(Information shown)
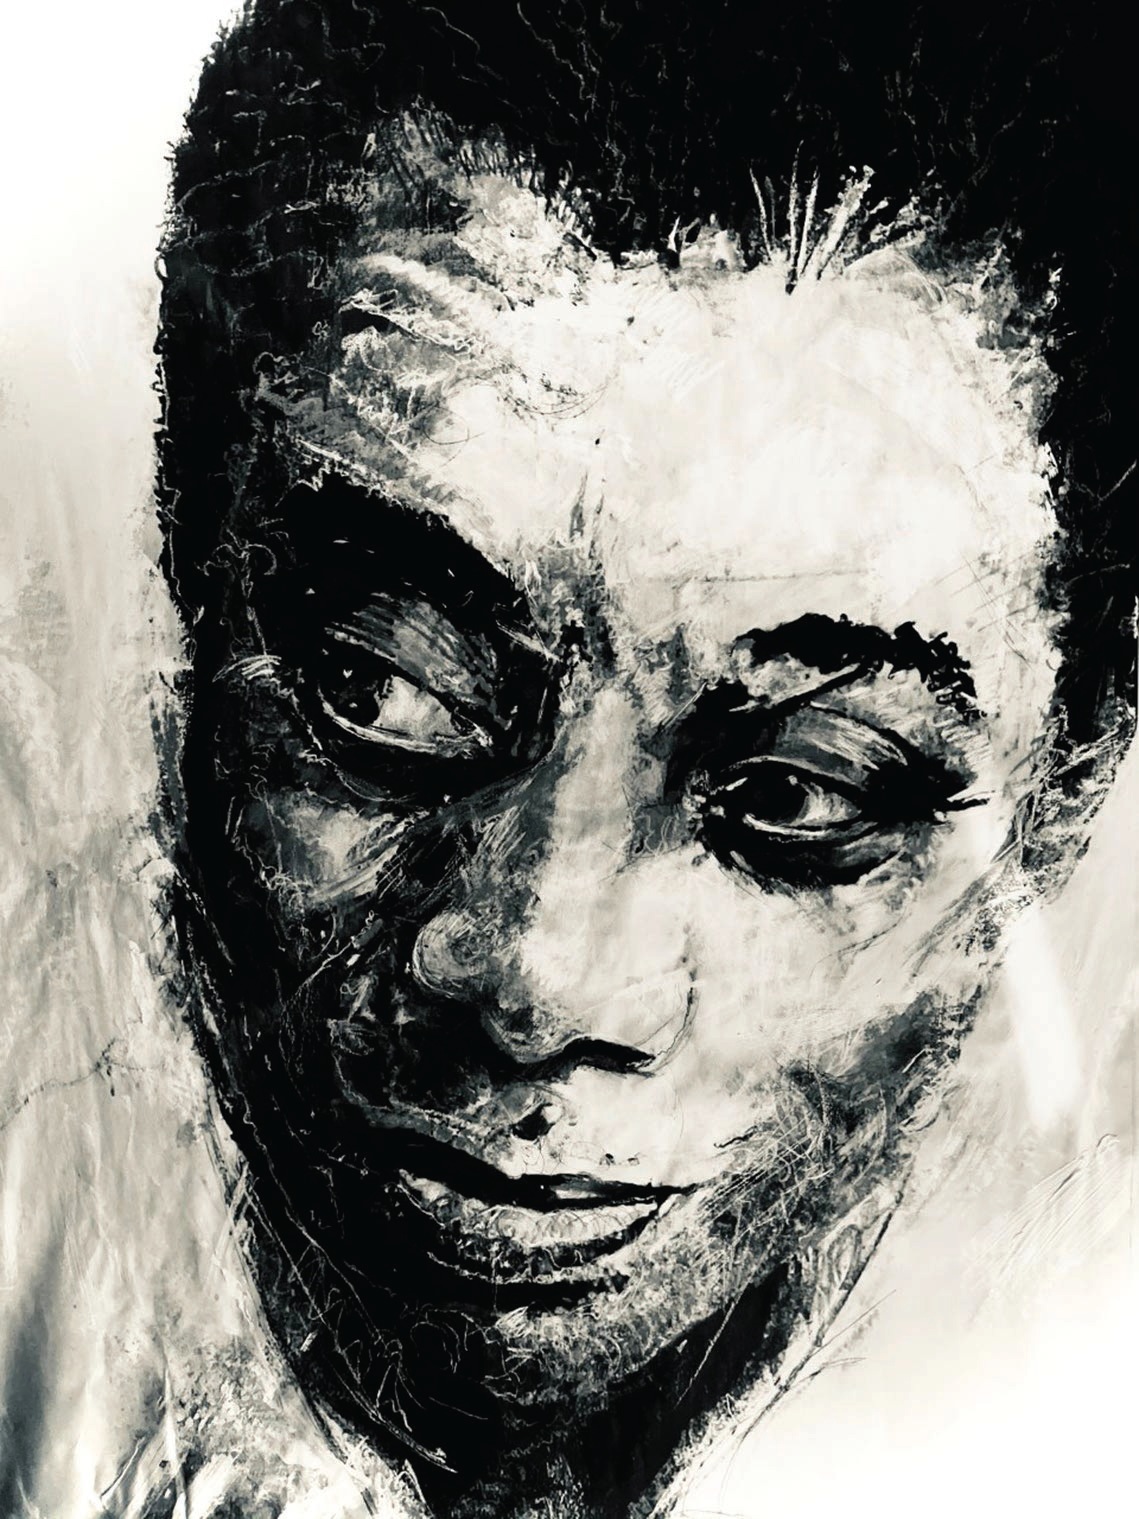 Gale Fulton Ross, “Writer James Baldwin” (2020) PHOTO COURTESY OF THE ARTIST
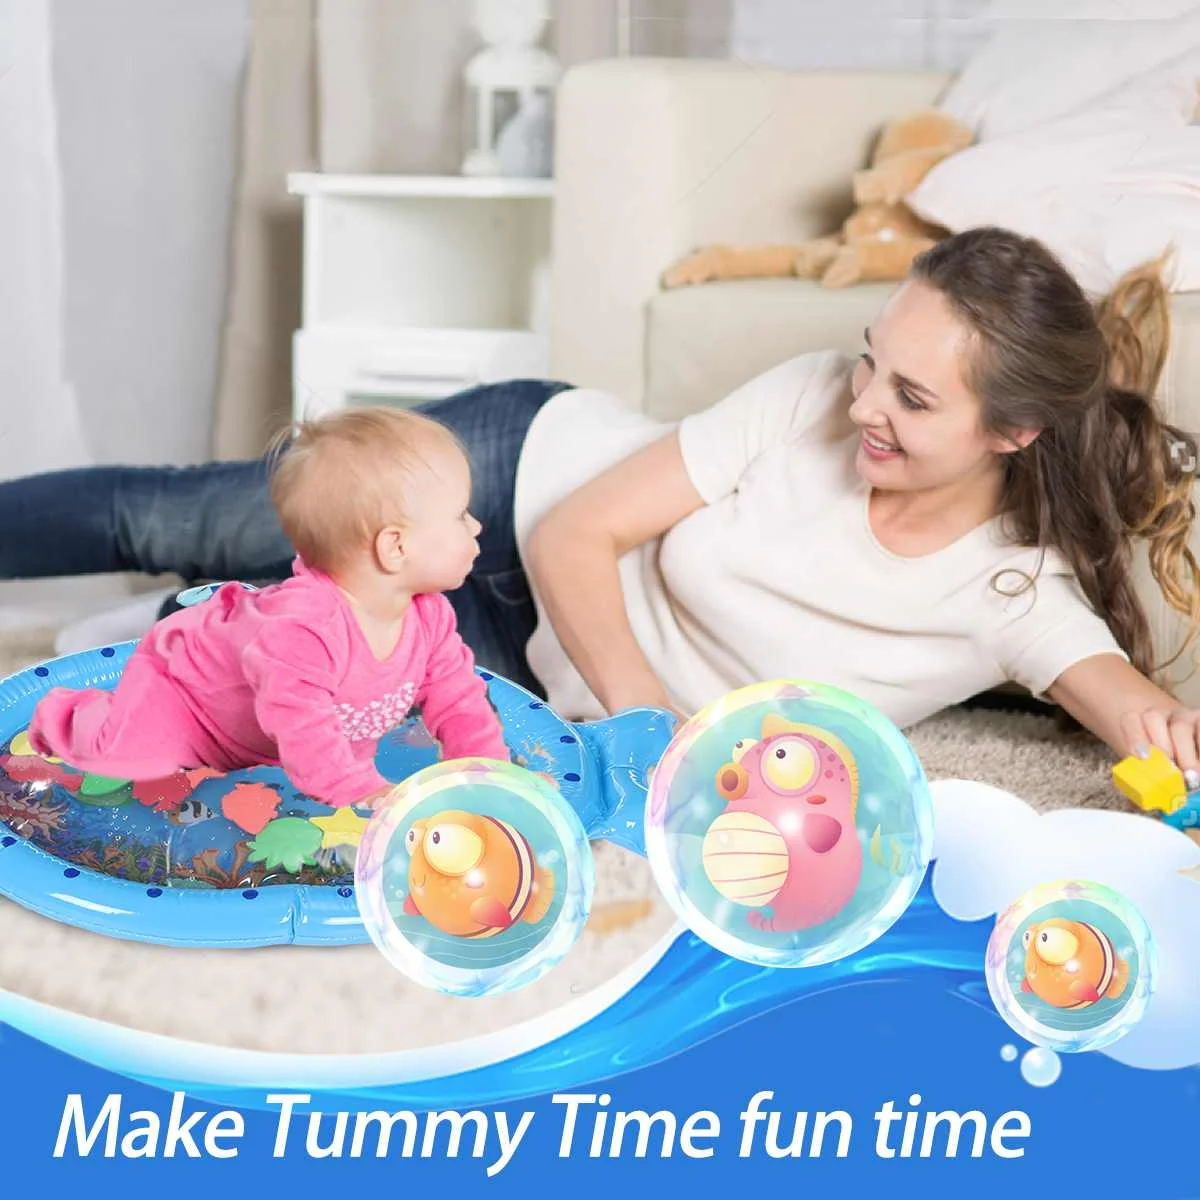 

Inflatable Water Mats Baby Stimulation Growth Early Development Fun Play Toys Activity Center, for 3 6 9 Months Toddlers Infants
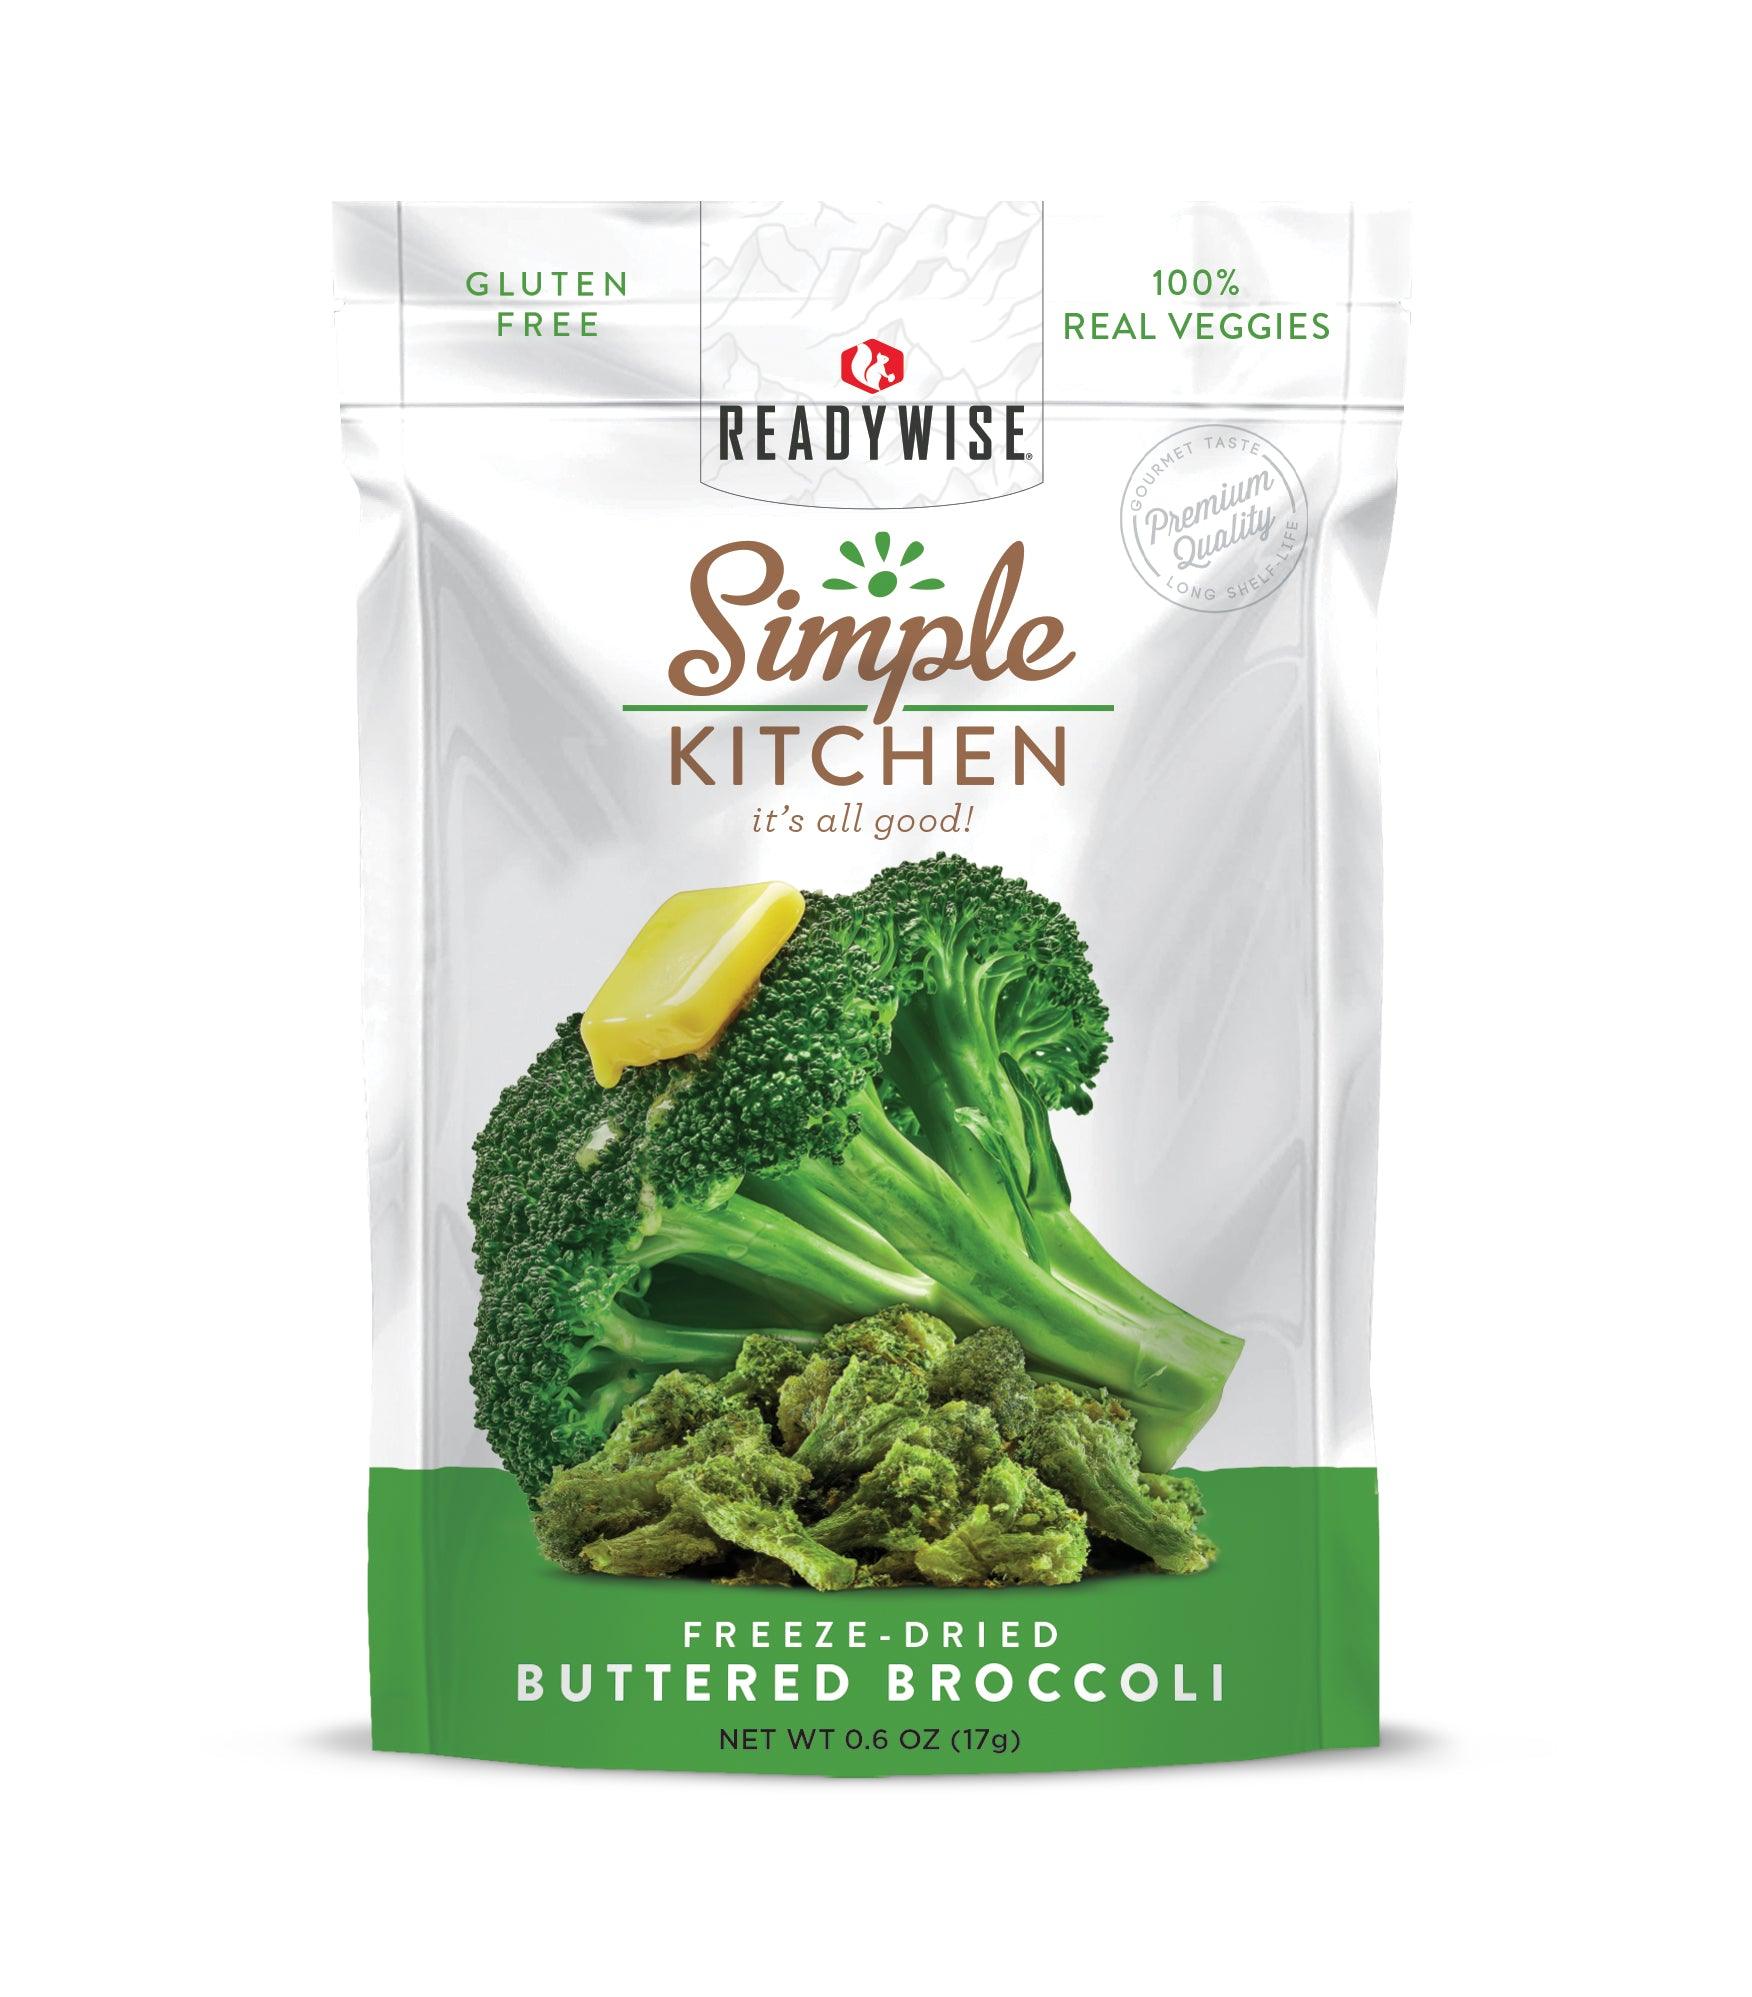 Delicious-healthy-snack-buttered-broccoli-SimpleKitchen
(End Information shown)
**The problem:**
Your reply should be the full data above, copied exactly, with no pictures in it.

**Written answer:**
 Gale Fulton Ross, “Writer James Baldwin” (2020) PHOTO COURTESY OF THE ARTIST

Inflatable Water Mats Baby Stimulation Growth Early Development Fun Play Toys Activity Center, for 3 6 9 Months Toddlers Infants
 Delicious-healthy-snack-buttered-broccoli-SimpleKitchen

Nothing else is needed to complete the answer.